After perusing the racks during the pre-sale, guests were ushered outside for the performance. McGarvey took full advantage of having two window walls — seating was arranged in front of either window for the opportunity to view the performance from different angles. People don’t often think of performance art during a shopping experience, but McGarvey saw an opportunity. “I think the performance is a way to continue blurring the line between art installation and pop-up retail shops. I think it also acts as a commercial for the clothing by showing the pieces in-action on bodies."

While McGarvey knew which garment he would wear during the performance, he says, “I prompted my other performer, Naomi Crocker, to start the performance by trying on different clothes.” The contrast between public and private was a theme through the event. At first, it seemed uncertain if she was shopping the racks at a retail store or shopping her closet, but as she started to gyrate and take selfies on the bed, it became clear she was in a private space.   

The performance underway at PMH.

McGarvey also set out to reclaim elements of his adolescence. During the performance, the office table became a platform for jumping rope. He explains, “jump roping is an unexpected, fun, and kind of random, yet very specific to me, gesture.” He was bullied in elementary school for being on a jump rope team and incorporates it into his work as a way to take back ownership of his past.

In fact, his exploration of humility is what led to expanding his work into clothing. His first solo show, 2015's Dressing the Future in My Humility, included 107 replicas of the sweatpants he had urinated in on stage during a kindergarten play rehearsal. “I gave the pants away as tokens of my humility to anyone who walked into the gallery.”  

He started to thrift for and accept donations of sweatpants to sew patches, fringe, trinkets, and other objects onto, as a way to elevate the shabby wardrobe staple and reclaim others’ humility. The clothing line, Uselding Fridays, made of mash-up style t-shirts and other garments came after that, in making costumes for his video performances. 

His re-working of existing clothing can be as straightforward as splicing two different plaid shirts together, or as neat as neon color blocking, as subtle as making a black t-shirt from several patches of other black t-shirts, or as chaotic as splicing several recognizable brands together into one item. Reconstructed garments might be what he’s known for, but an entire second rack of clothing consisted of items made from scratch, some using custom fabrics printed with his original artwork.  

Two of the garments for sale during the Experimental Retail Experience.

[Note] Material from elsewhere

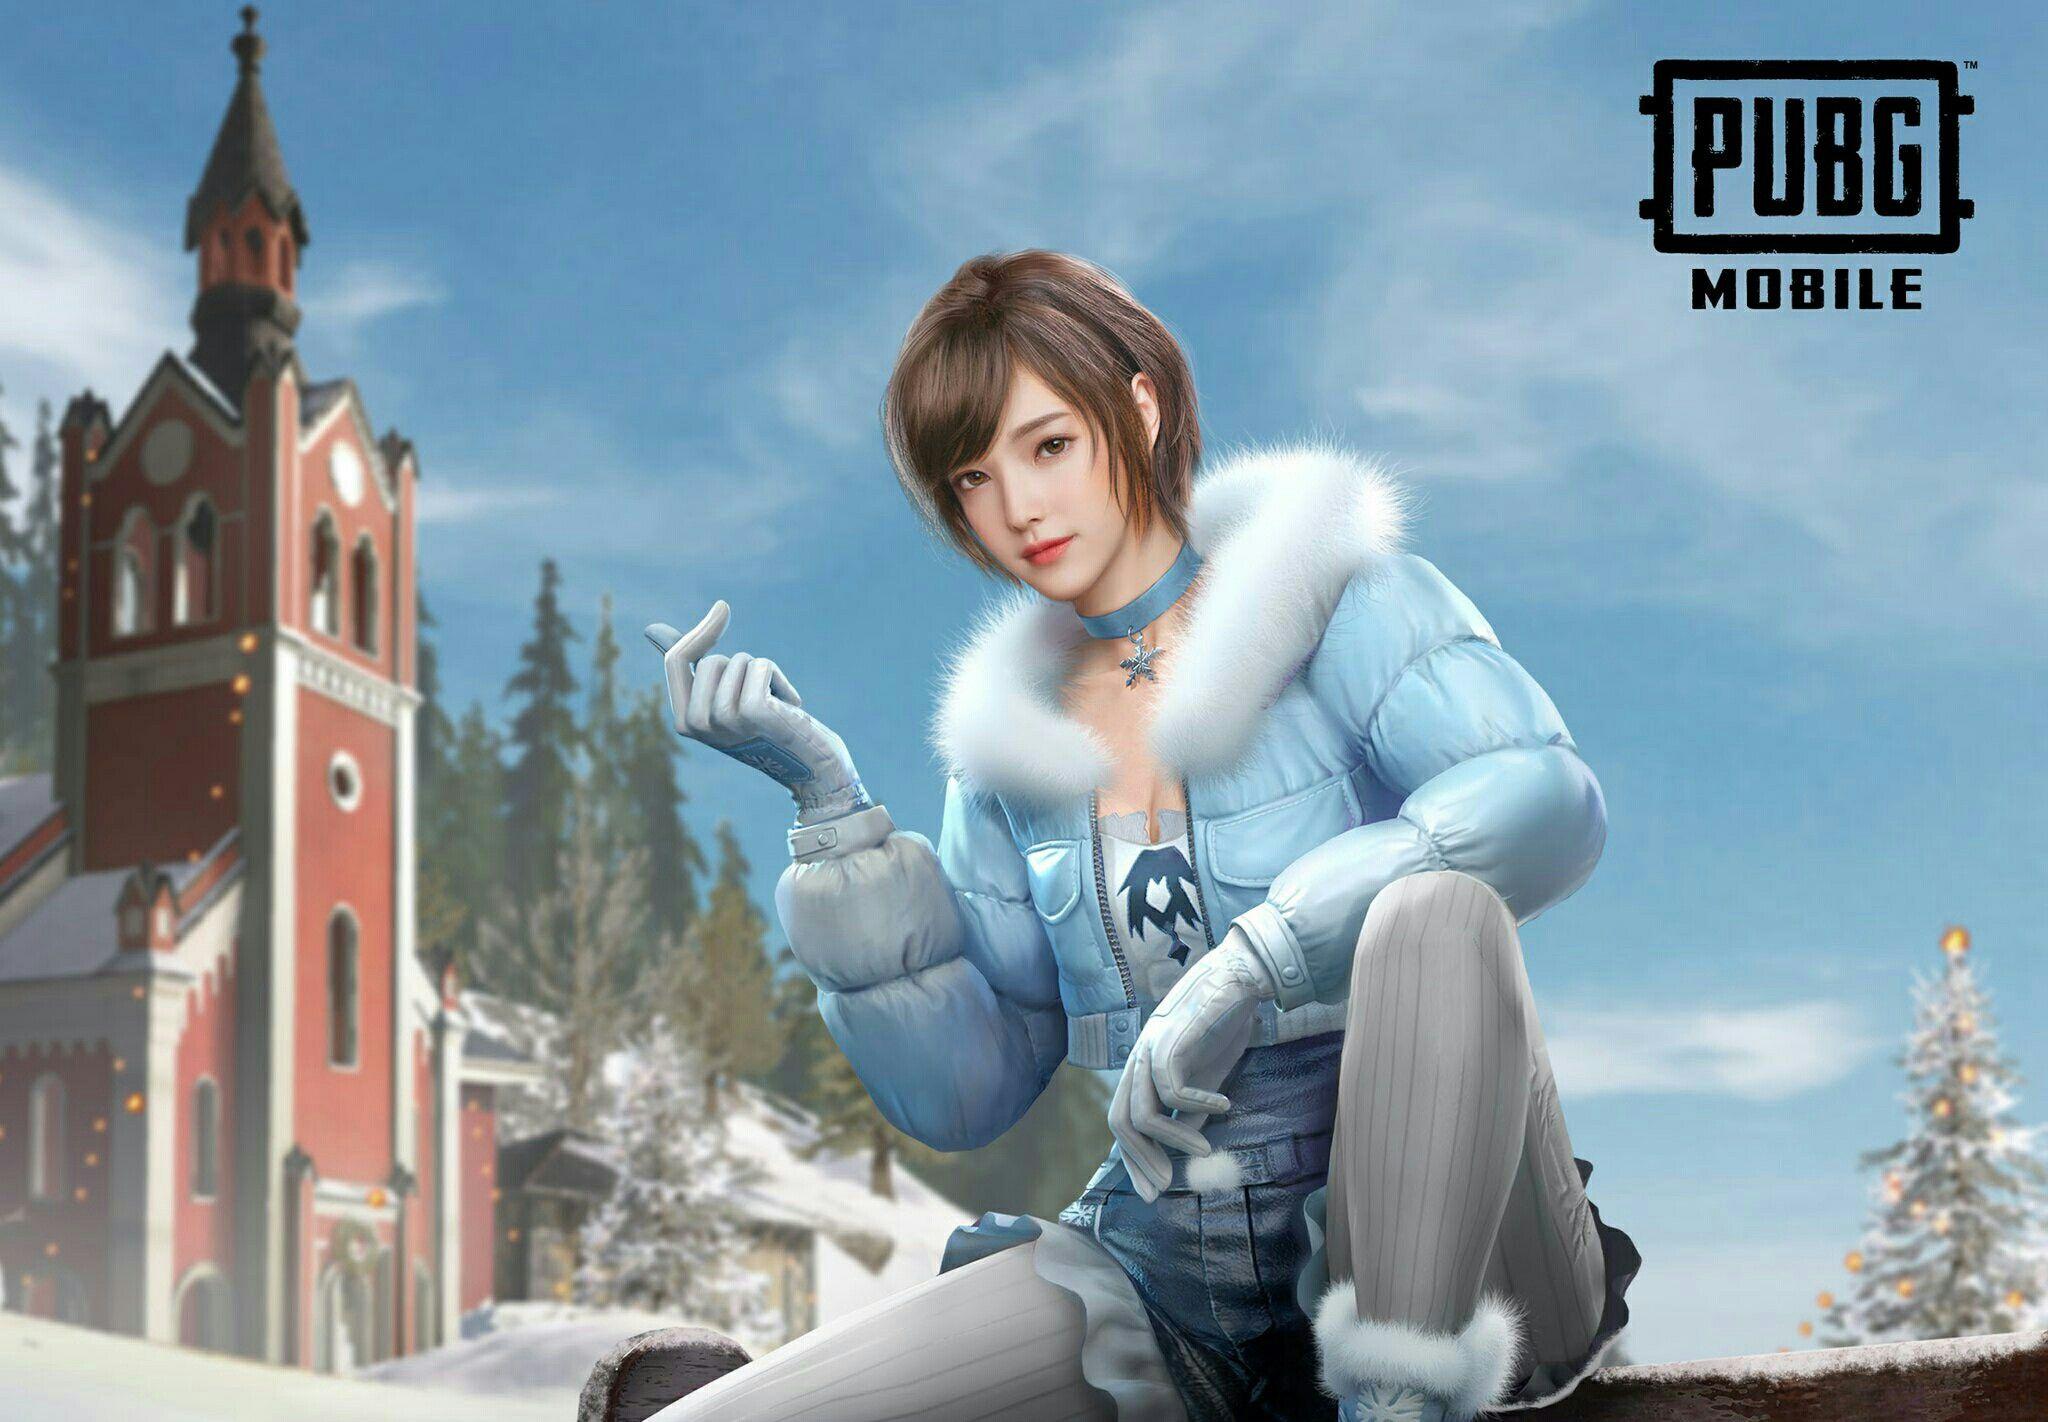 Winter Lady Set Image Wallpaper Wallpaper Free Download

Zima added for scale and ambiance.

Each purchase also came with bonus art — McGarvey’s price tags were made of repurposed baseball cards, from his childhood collection, complete with doodles and other additions. “The baseball cards are fun to make!” he says. “I like the appropriation and the upcycle of an otherwise useless, discarded, or deemed worthless item.” 

Every garment McGarvey puts together, whether it is simple or more intricate, is assembled with intention. The uneven hems aren’t a mark of sloppy work, but elevate the simple t-shirt and draw the eye to something unexpected. Mashing different brands together creates something strangely attractive and wearable, even when the original garments had no such appeal on their own.  

The Uselding Fridays brand seems to make fun of fashion and logos, while still being of a distinct brand and being open to collaboration with an advertising agency. The experimental retail experience was a welcome contrast to the traditional pop-up shop. It was dynamic and interactive — not just a shop, not just art installation, and not just a performance.